Budget decisions agreed by West Sussex County Council

'We will do all we can to work with our partners in other authorities and the voluntary sector to make sure any impact is kept to a minimum'


Release date: 19 December 2018

Members of the West Sussex Council Cabinet have approved a number of measures to deliver a balanced budget for 2019/2020.

Like many local authorities across the country, the council faces unprecedented financial pressures. In the last eight years it has saved almost £200m and in the same period, government funding has been cut by £145m.

The council still faces a huge financial challenge going forward. The county has an aging population and people are living longer with more complex health conditions. At the same time, the complexity and vulnerability of the children the council supports continues to increase. As a result, the authority faces an increasing demand for children’s and adults’ social care services and special educational needs support - services which the county council alone is responsible for providing.

Over the next four years, covering the period 2019/20 to 2022/23 the council faces a further gross budget gap of £145m. The gross budget gap faced in 2019/20 stood at £50.9m alone.

The council are looking at innovative ways to generate income and do more with the money they have, but making savings is inevitable and necessary given the financial challenges faced through continued reduction in central government funding.

For 2019/2020, the savings include the following:-

Housing Related Support (HRS): The council continues to invest £4.6m in 2019/20 in housing related support, making savings of £1.7m, with a proposed further reduction of £2.3m in 2020/21.

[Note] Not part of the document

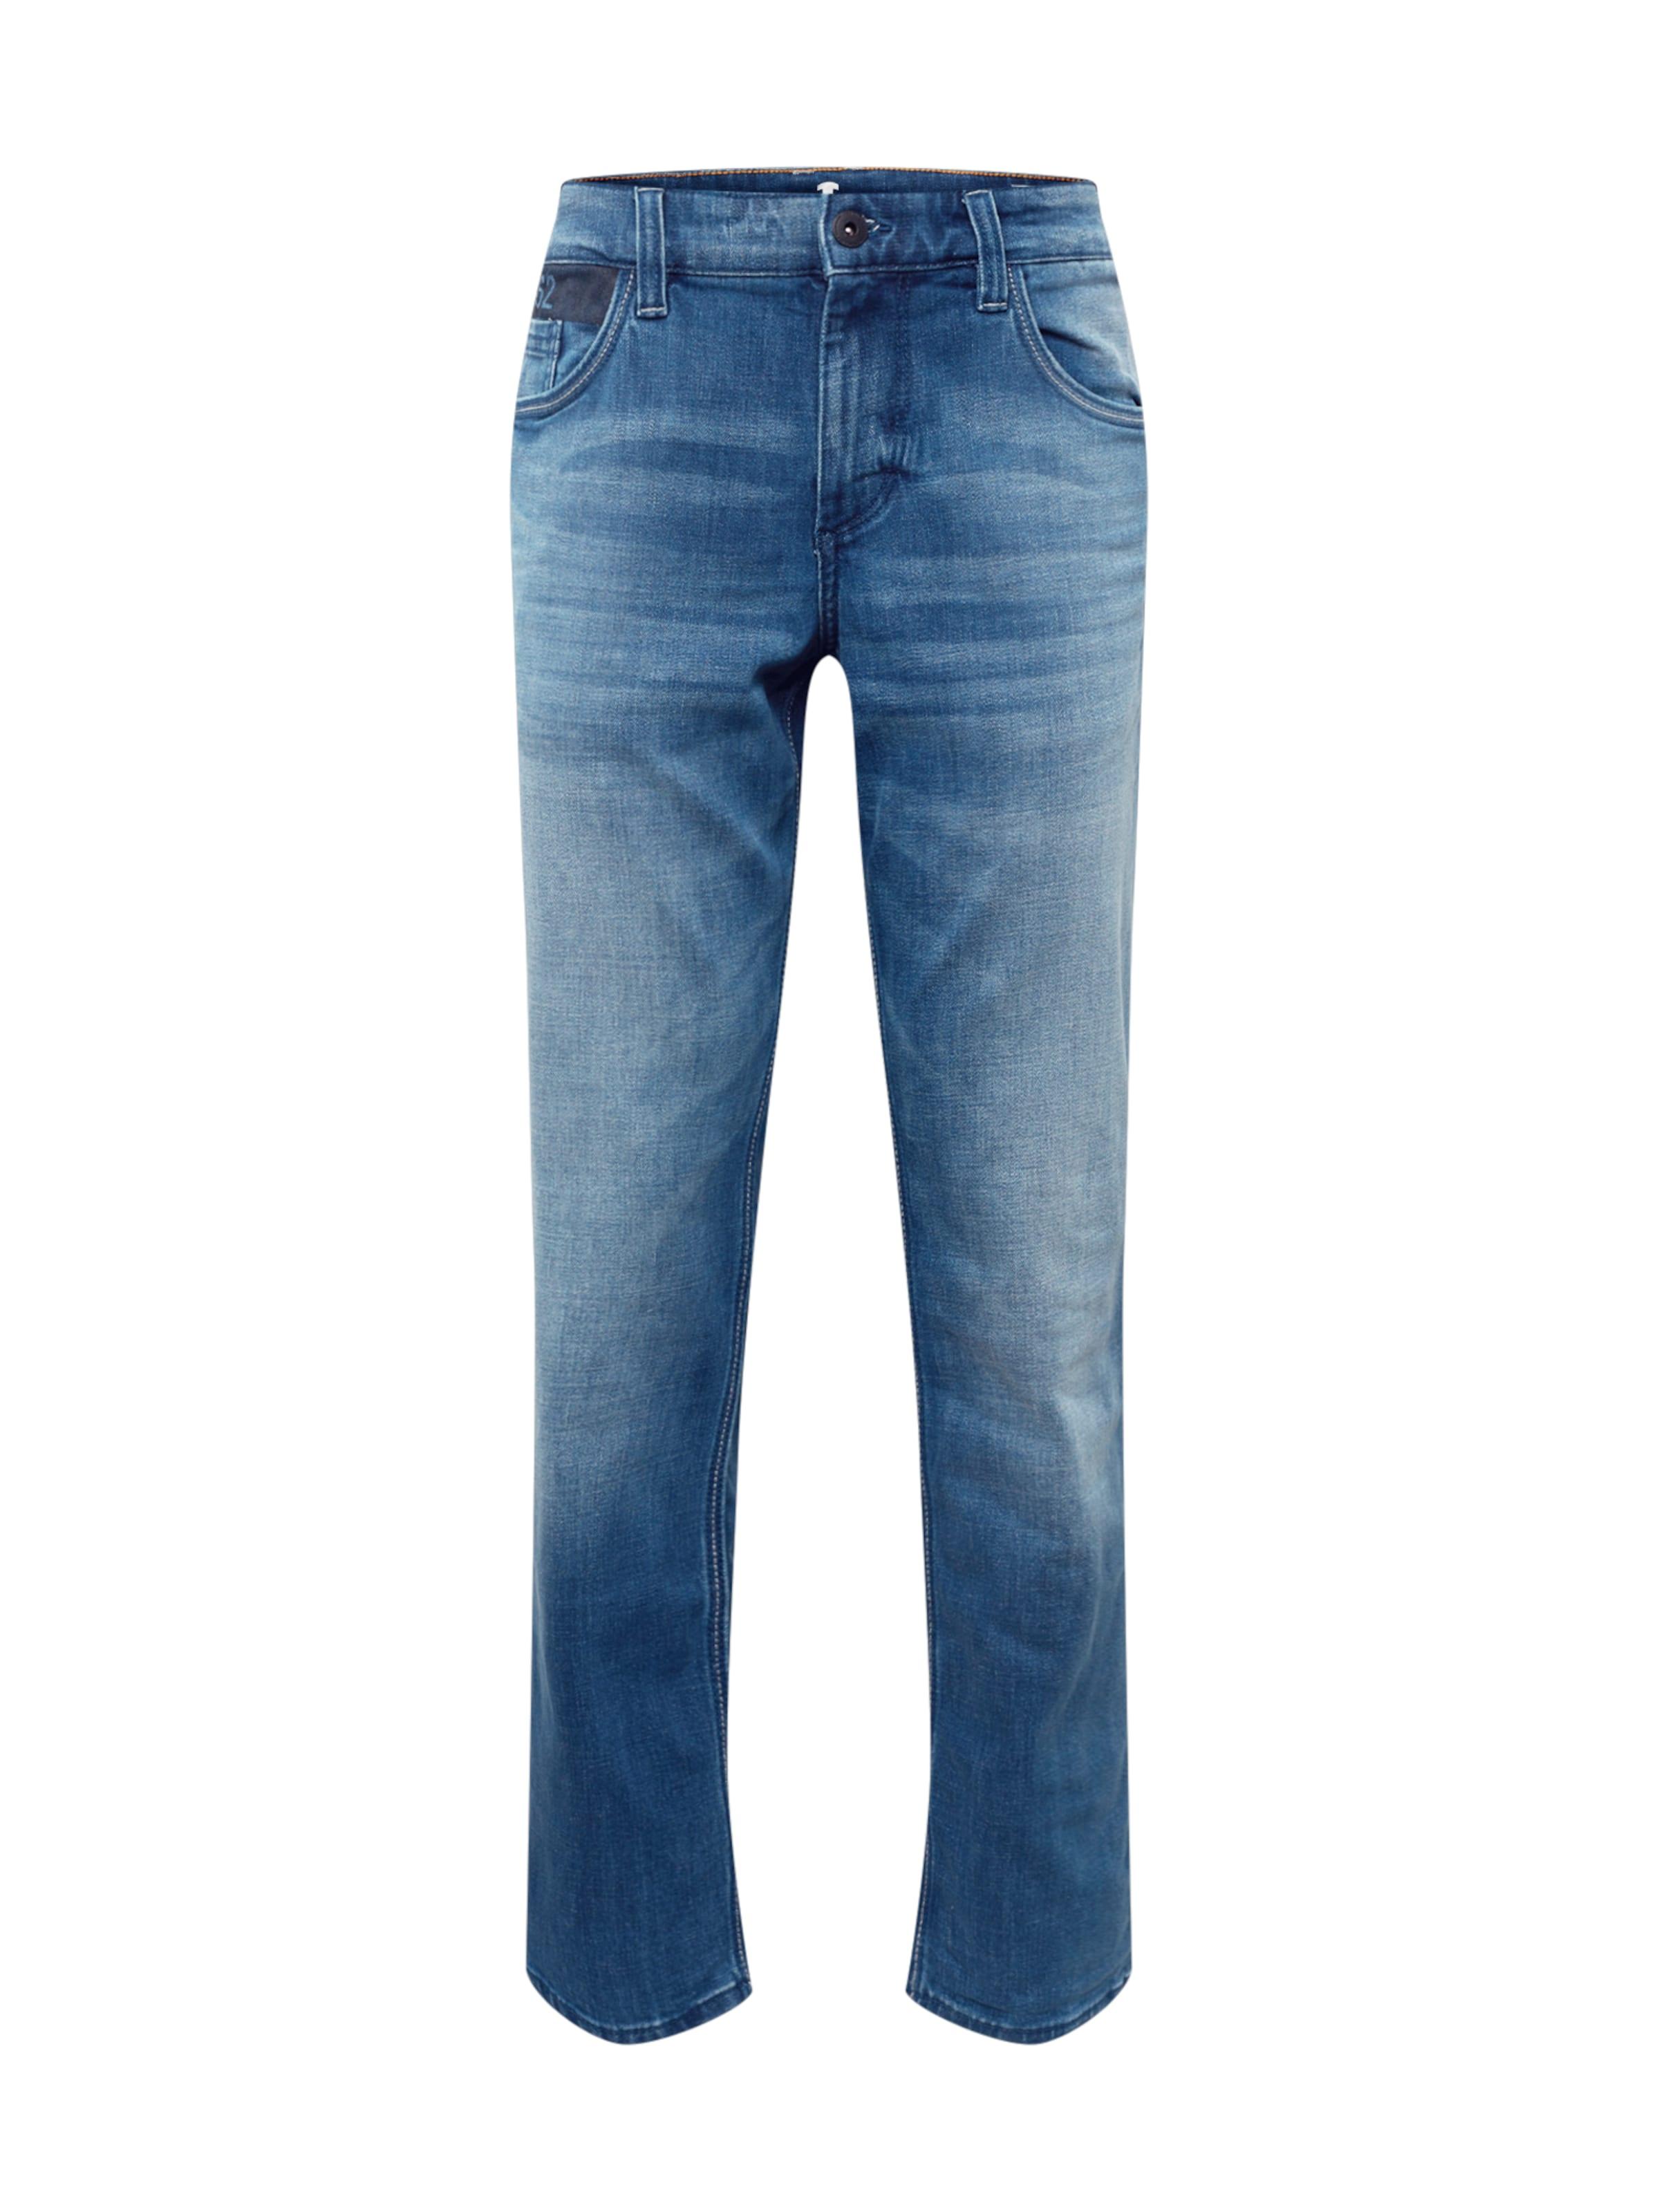 Jeans Denim 'marvin' Tom Tailor Blue In OPkXZiTu

Local Assistance Network (LAN): The council are investing £200,000 in 2019/2020 which will include maintaining contributions to foodbanks and practical assistance through the children and family centres, but with a reduced level of funding to several local social enterprises and the Citizens Advice network.

Minimum Income Guarantee (MIG): The council are reducing the MIG to the statutory minimum provision.

Subsidised bus services: The council have adopted a revised Bus Strategy, 2018 to 2026. They continue to invest £2.27m in subsidising the bus services across West Sussex, with a reduction of £300,564 in 2019/20. Discussions are now underway with bus operators, other local councils, and community organisations to try to keep the impact of funding changes to a minimum.

The Integrated Prevention and Earliest Help (IPEH) service: In 2019/20 the council will see funding for the national Troubled Families programme cut by £560k. To continue this programme we will need to make changes to the way some other services are funded, including the Duke of Edinburgh scheme, National Citizen Service and the Purple Bus.

Commenting on all the savings decisions, council Leader Louise Goldsmith said: “We have a really good track record of taking care of our residents’ money and keeping our finances solid. However now, even for us, the financial situation is becoming so tough that we are being forced to take some very difficult decisions.

“I want to reassure our residents that we have not taken any decision to reduce services lightly and we will do all we can to work with our partners in other authorities and the voluntary sector to make sure any impact is kept to a minimum and we continue to protect the most vulnerable people in West Sussex.”

All decisions are subject to the statutory call-in period of seven working days.